Beyond Silent Letters: Amplifying LLMs in Emotion Recognition with Vocal Nuances
- URL: http://arxiv.org/abs/2407.21315v3
- Date: Wed, 16 Oct 2024 00:26:45 GMT
- Title: Beyond Silent Letters: Amplifying LLMs in Emotion Recognition with Vocal Nuances
- Authors: Zehui Wu, Ziwei Gong, Lin Ai, Pengyuan Shi, Kaan Donbekci, Julia Hirschberg,
- Abstract summary: We propose SpeechCueLLM, a method that translates speech characteristics into natural language descriptions.

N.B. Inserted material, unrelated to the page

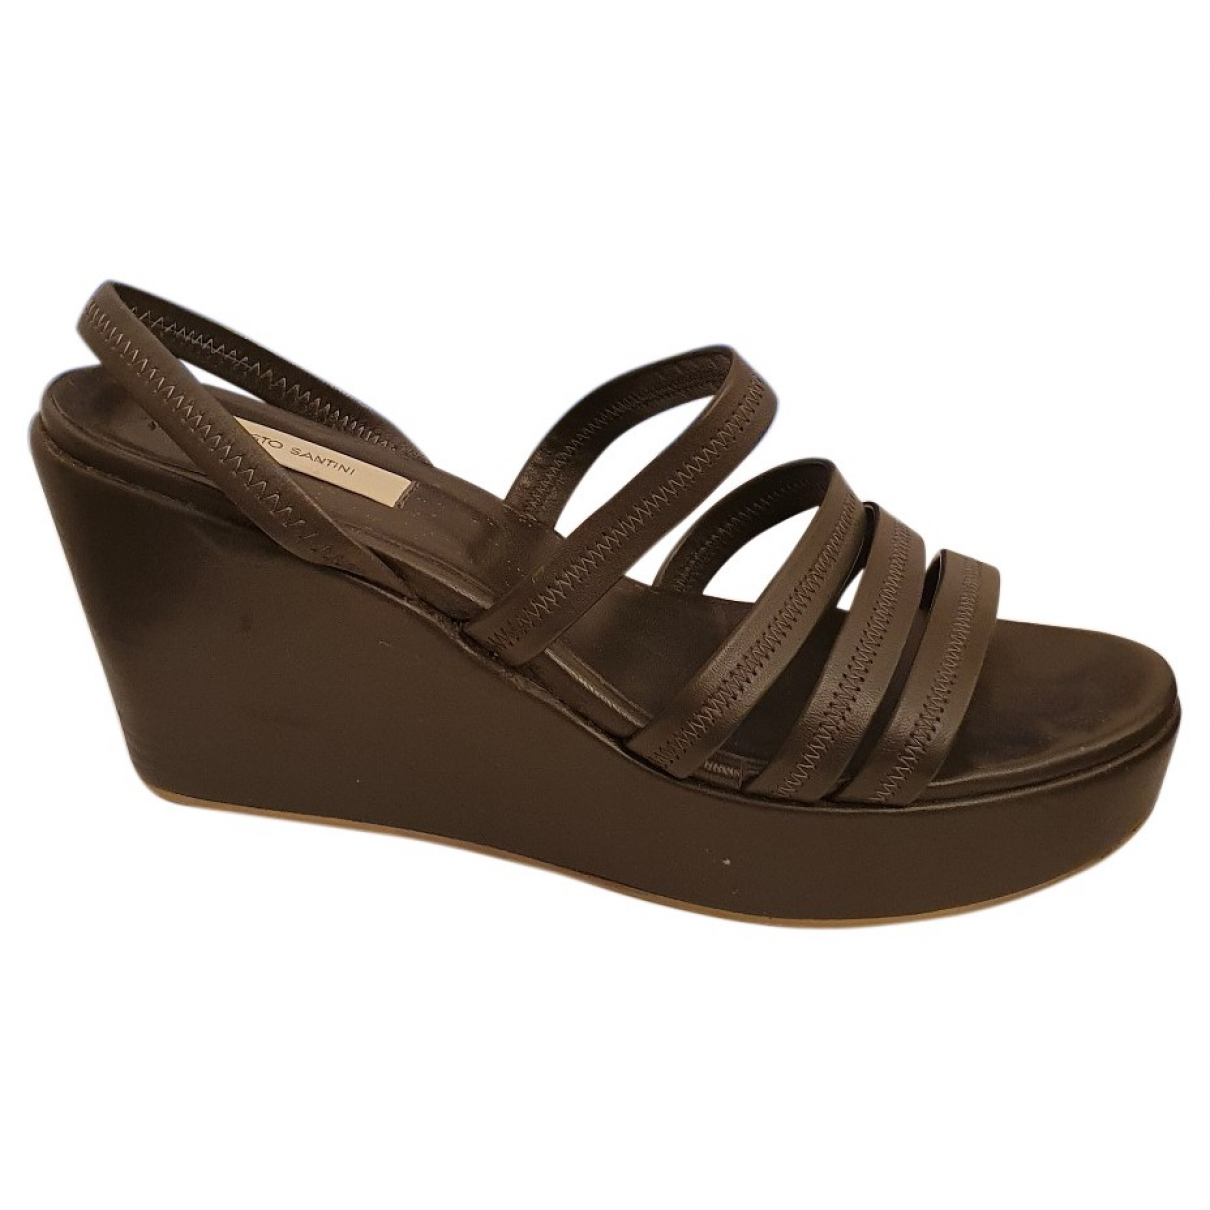 Fausto Santini \N Grey Leather Mules & Clogs for Women 40 EU

We evaluate SpeechCueLLM on two datasets: IEMOCAP and MELD, showing significant improvements in emotion recognition accuracy.

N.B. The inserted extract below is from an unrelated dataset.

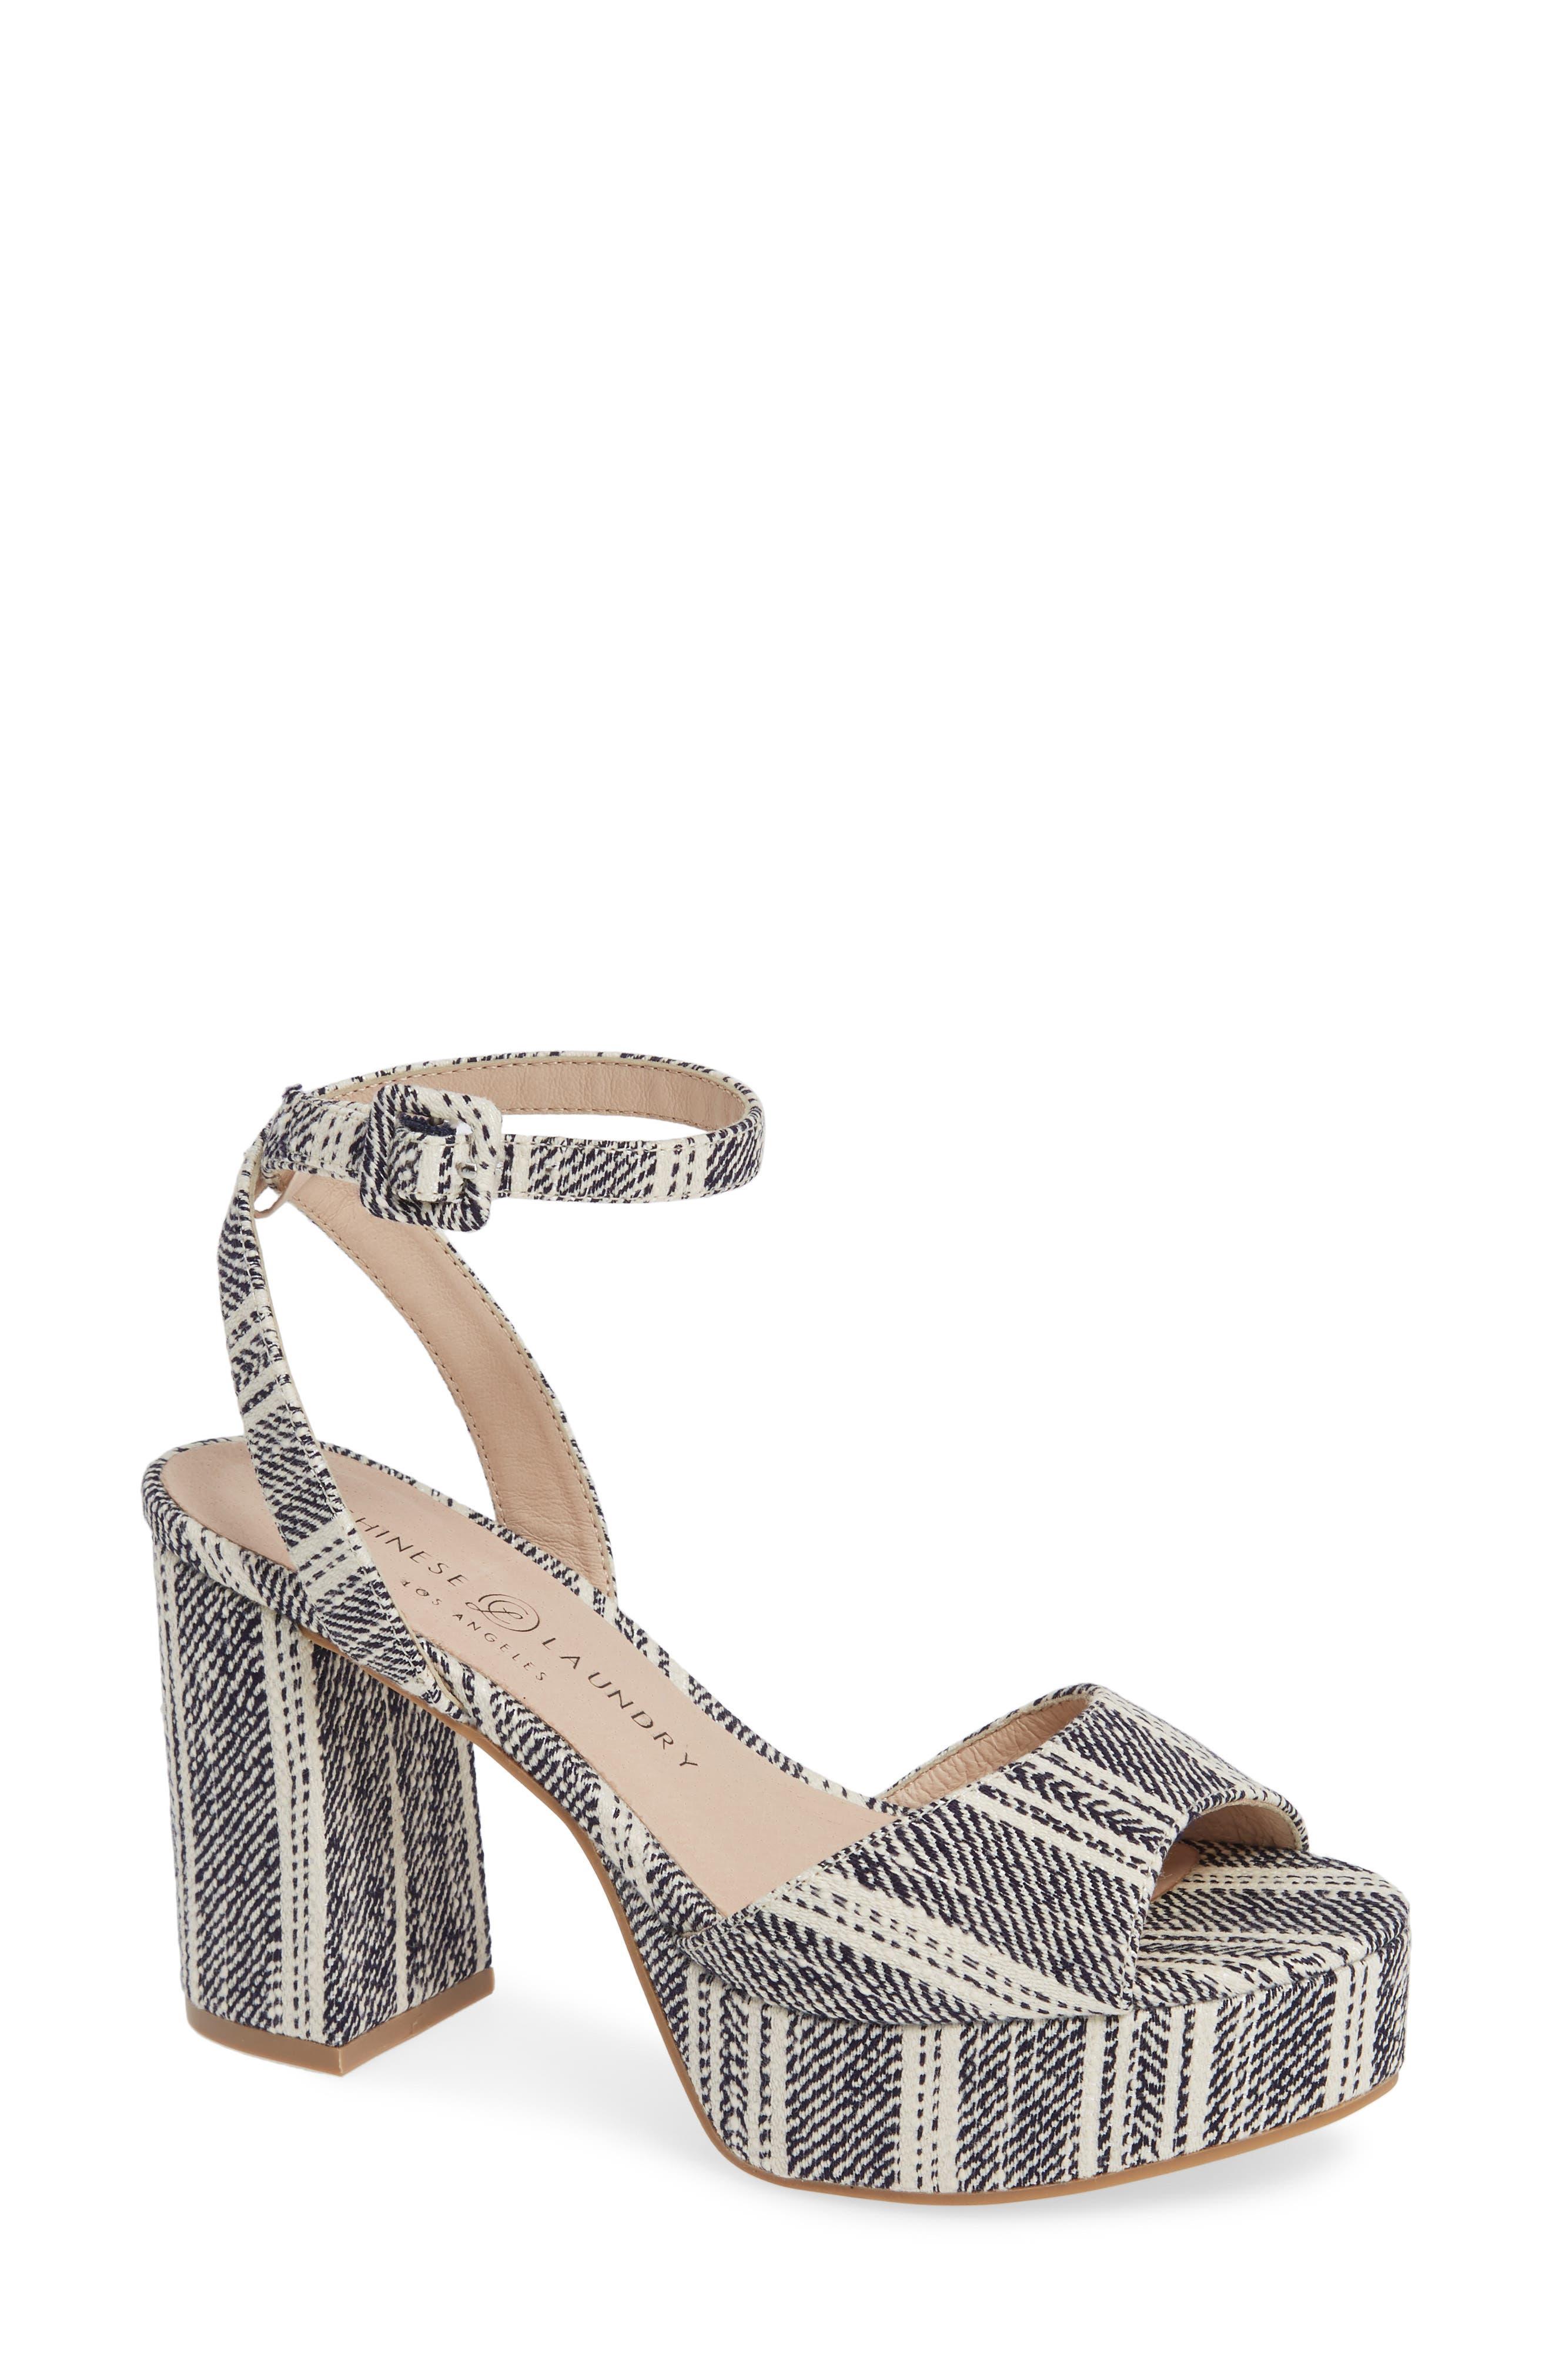 ad984b97e62e Blue Block-Heel Sandals for Women

- Score: 3.396456345114466
- License: http://creativecommons.org/licenses/by-sa/4.0/
- Abstract: Emotion recognition in speech is a challenging multimodal task that requires understanding both verbal content and vocal nuances. This paper introduces a novel approach to emotion detection using Large Language Models (LLMs), which have demonstrated exceptional capabilities in natural language understanding. To overcome the inherent limitation of LLMs in processing audio inputs, we propose SpeechCueLLM, a method that translates speech characteristics into natural language descriptions, allowing LLMs to perform multimodal emotion analysis via text prompts without any architectural changes. Our method is minimal yet impactful, outperforming baseline models that require structural modifications. We evaluate SpeechCueLLM on two datasets: IEMOCAP and MELD, showing significant improvements in emotion recognition accuracy, particularly for high-quality audio data. We also explore the effectiveness of various feature representations and fine-tuning strategies for different LLMs. Our experiments demonstrate that incorporating speech descriptions yields a more than 2% increase in the average weighted F1 score on IEMOCAP (from 70.111% to 72.596%).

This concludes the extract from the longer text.